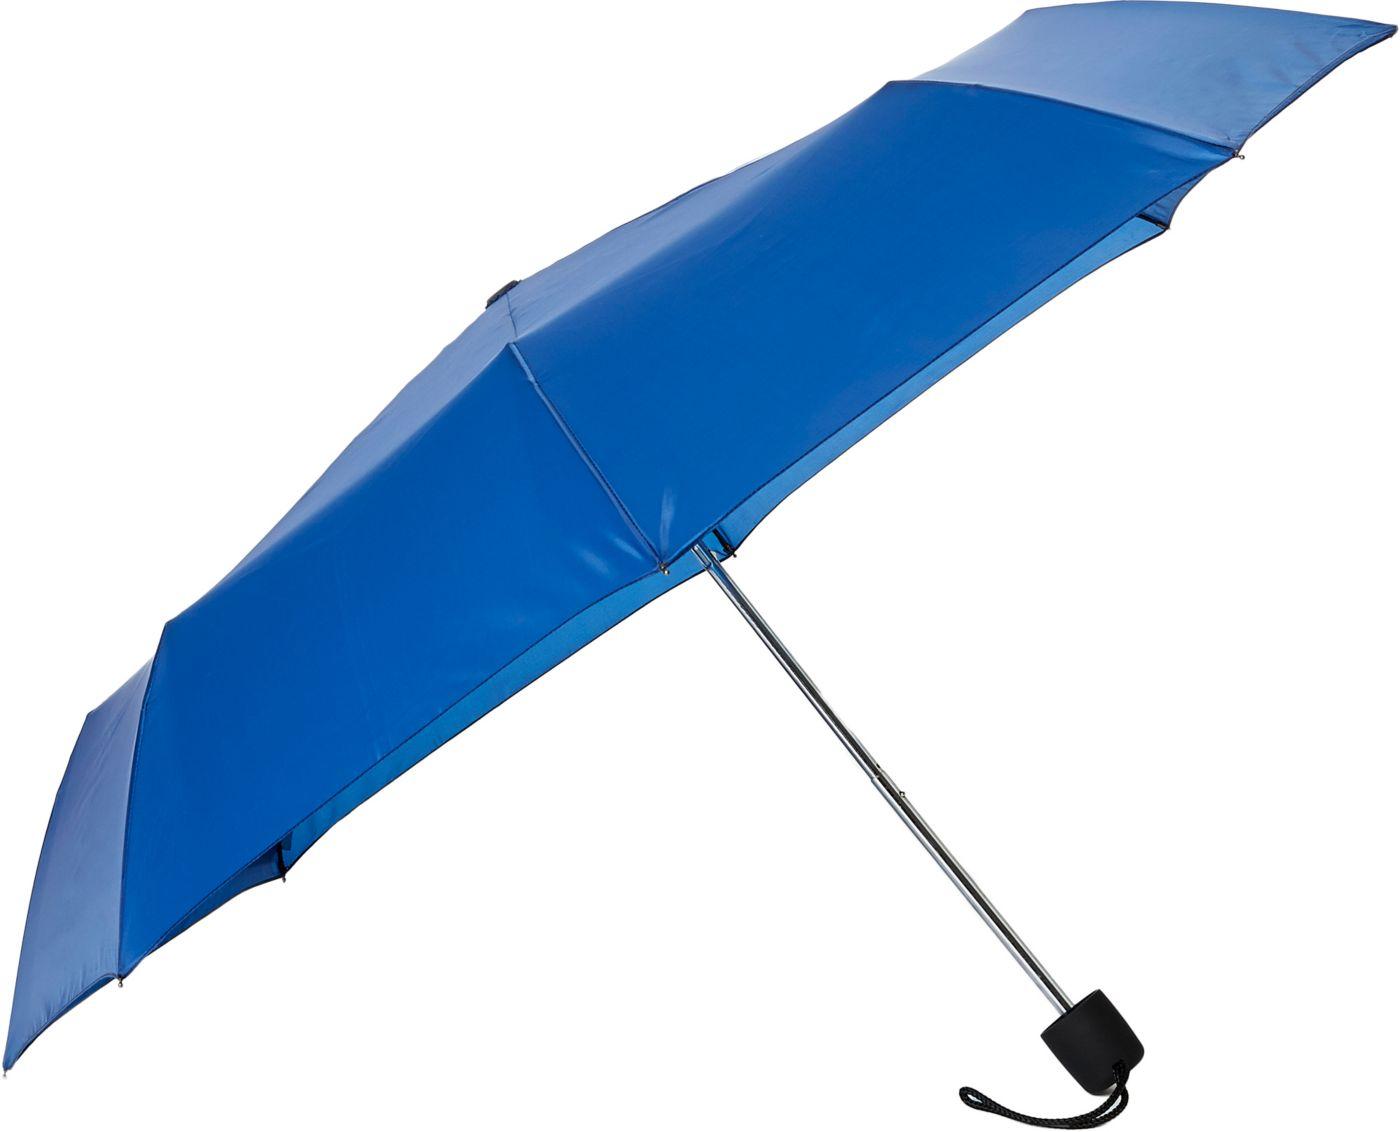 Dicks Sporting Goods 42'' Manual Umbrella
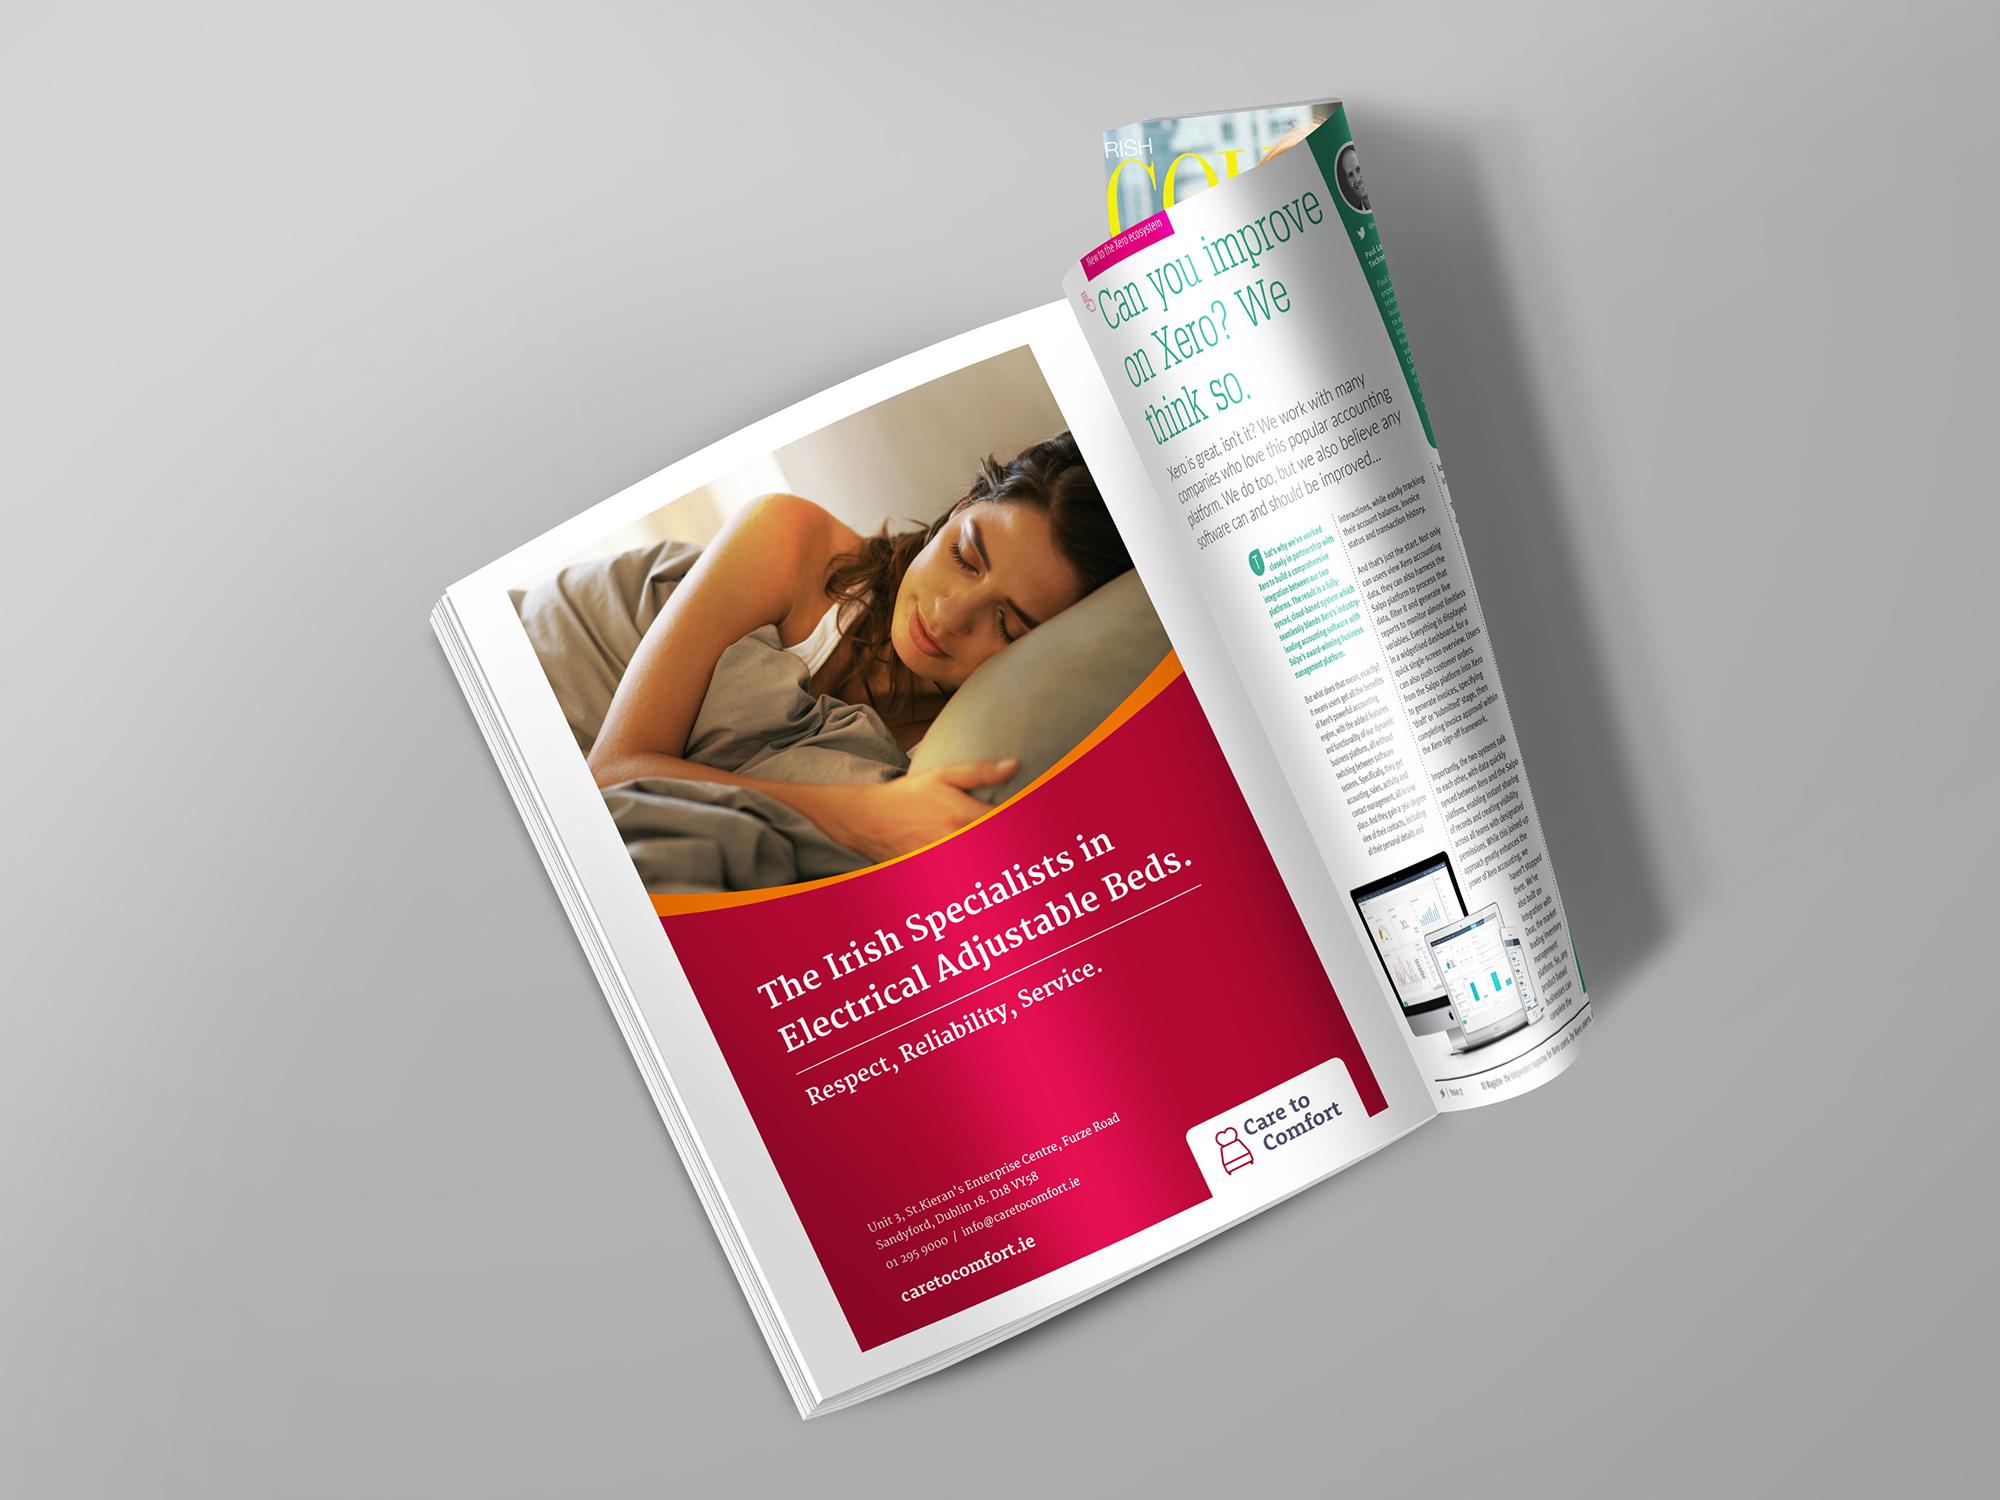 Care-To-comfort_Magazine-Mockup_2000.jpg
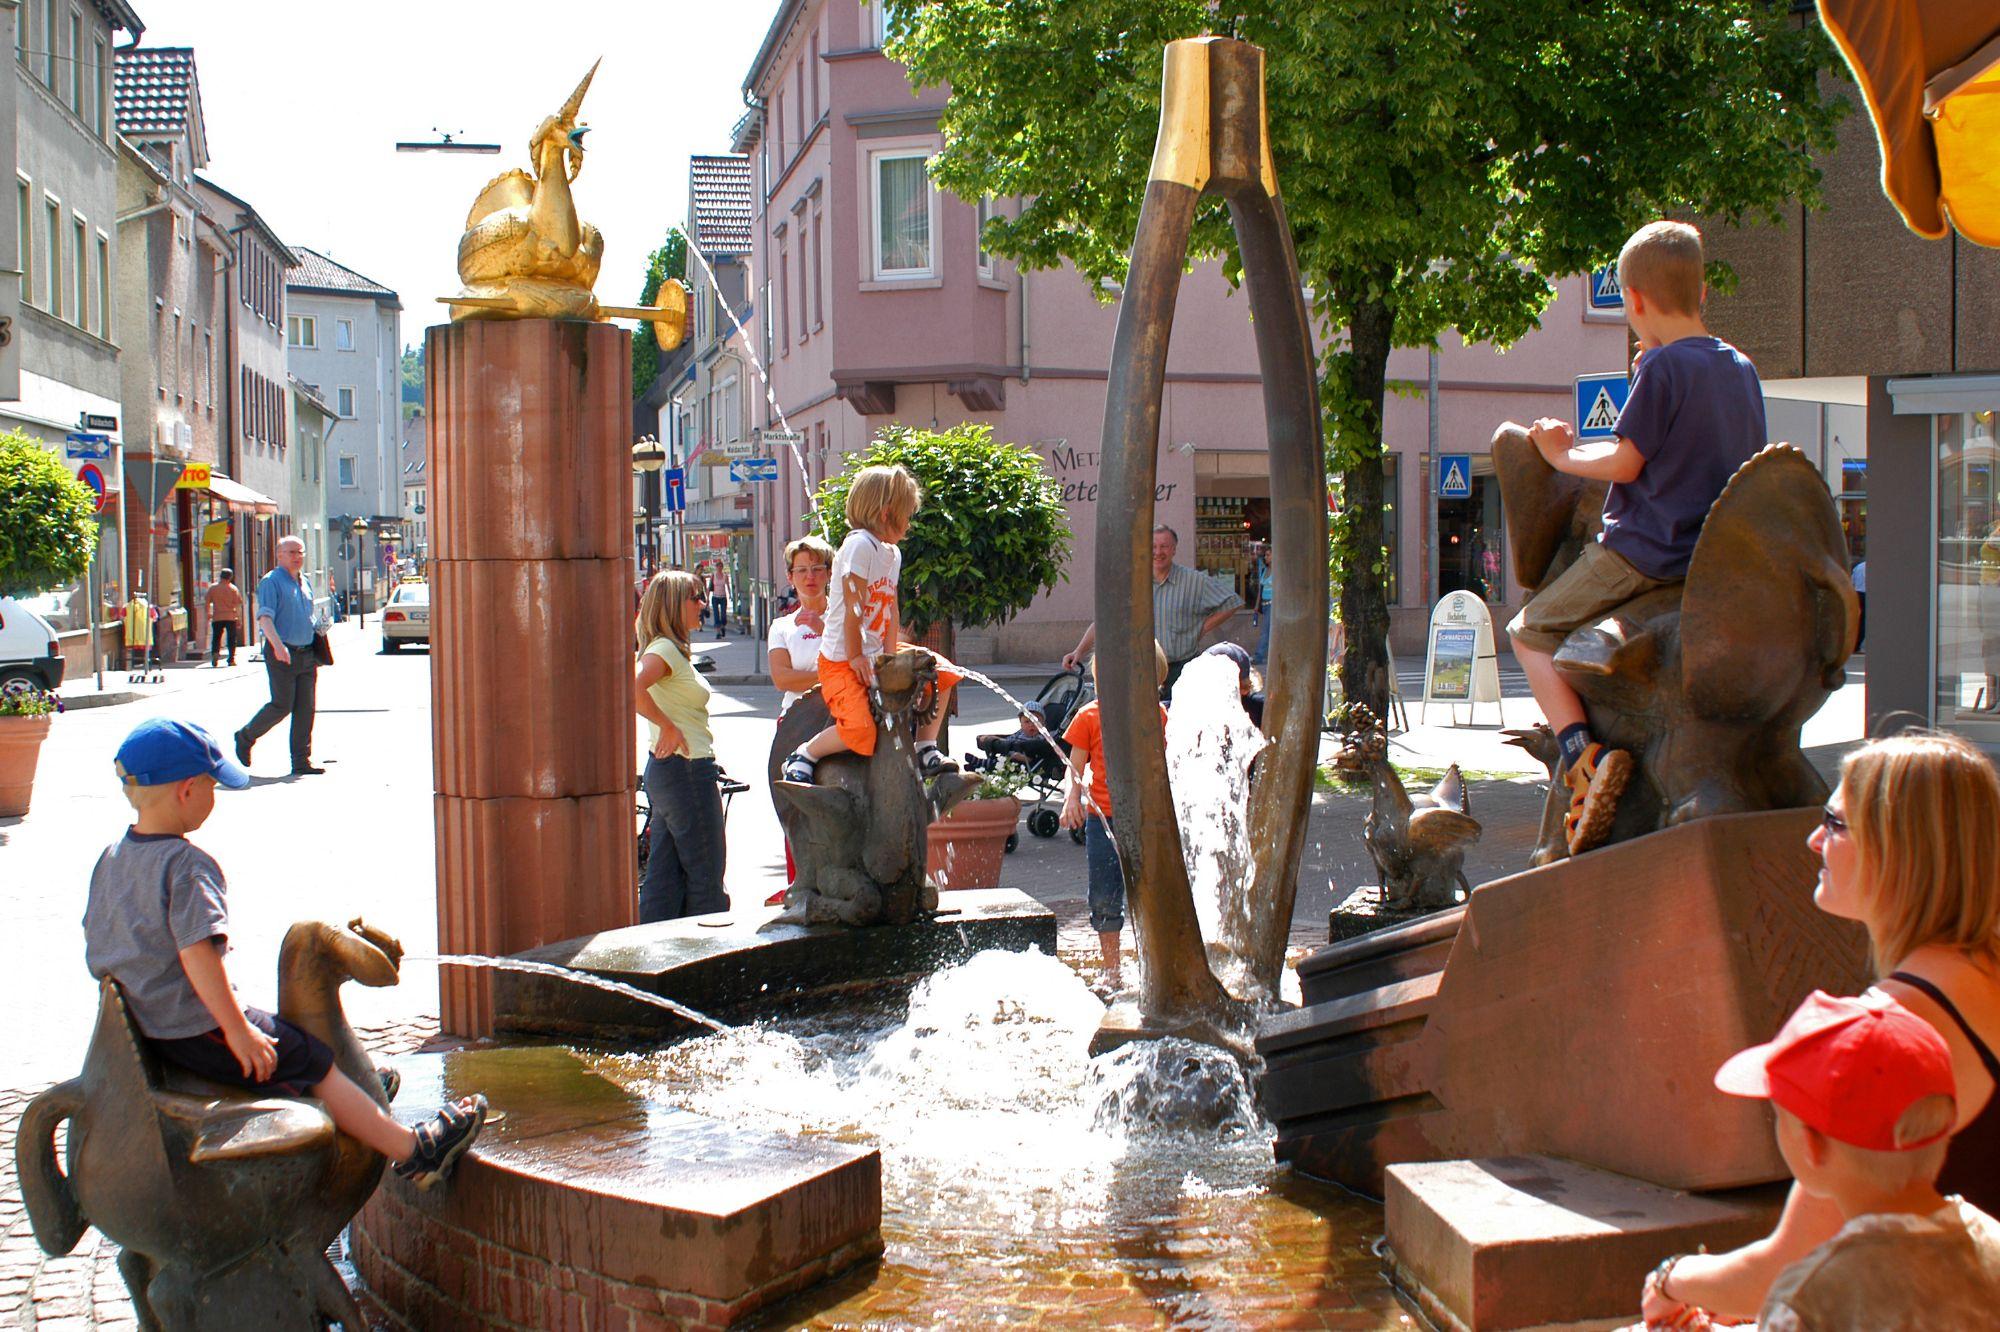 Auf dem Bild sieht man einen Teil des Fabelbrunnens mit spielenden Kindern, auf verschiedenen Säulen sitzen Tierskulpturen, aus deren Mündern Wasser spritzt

Your goal: For this exercise, return the data above exactly and leave every picture out.

Reply:
 Dicks Sporting Goods 42'' Manual Umbrella
 Care-To-comfort_Magazine-Mockup_2000.jpg
 Auf dem Bild sieht man einen Teil des Fabelbrunnens mit spielenden Kindern, auf verschiedenen Säulen sitzen Tierskulpturen, aus deren Mündern Wasser spritzt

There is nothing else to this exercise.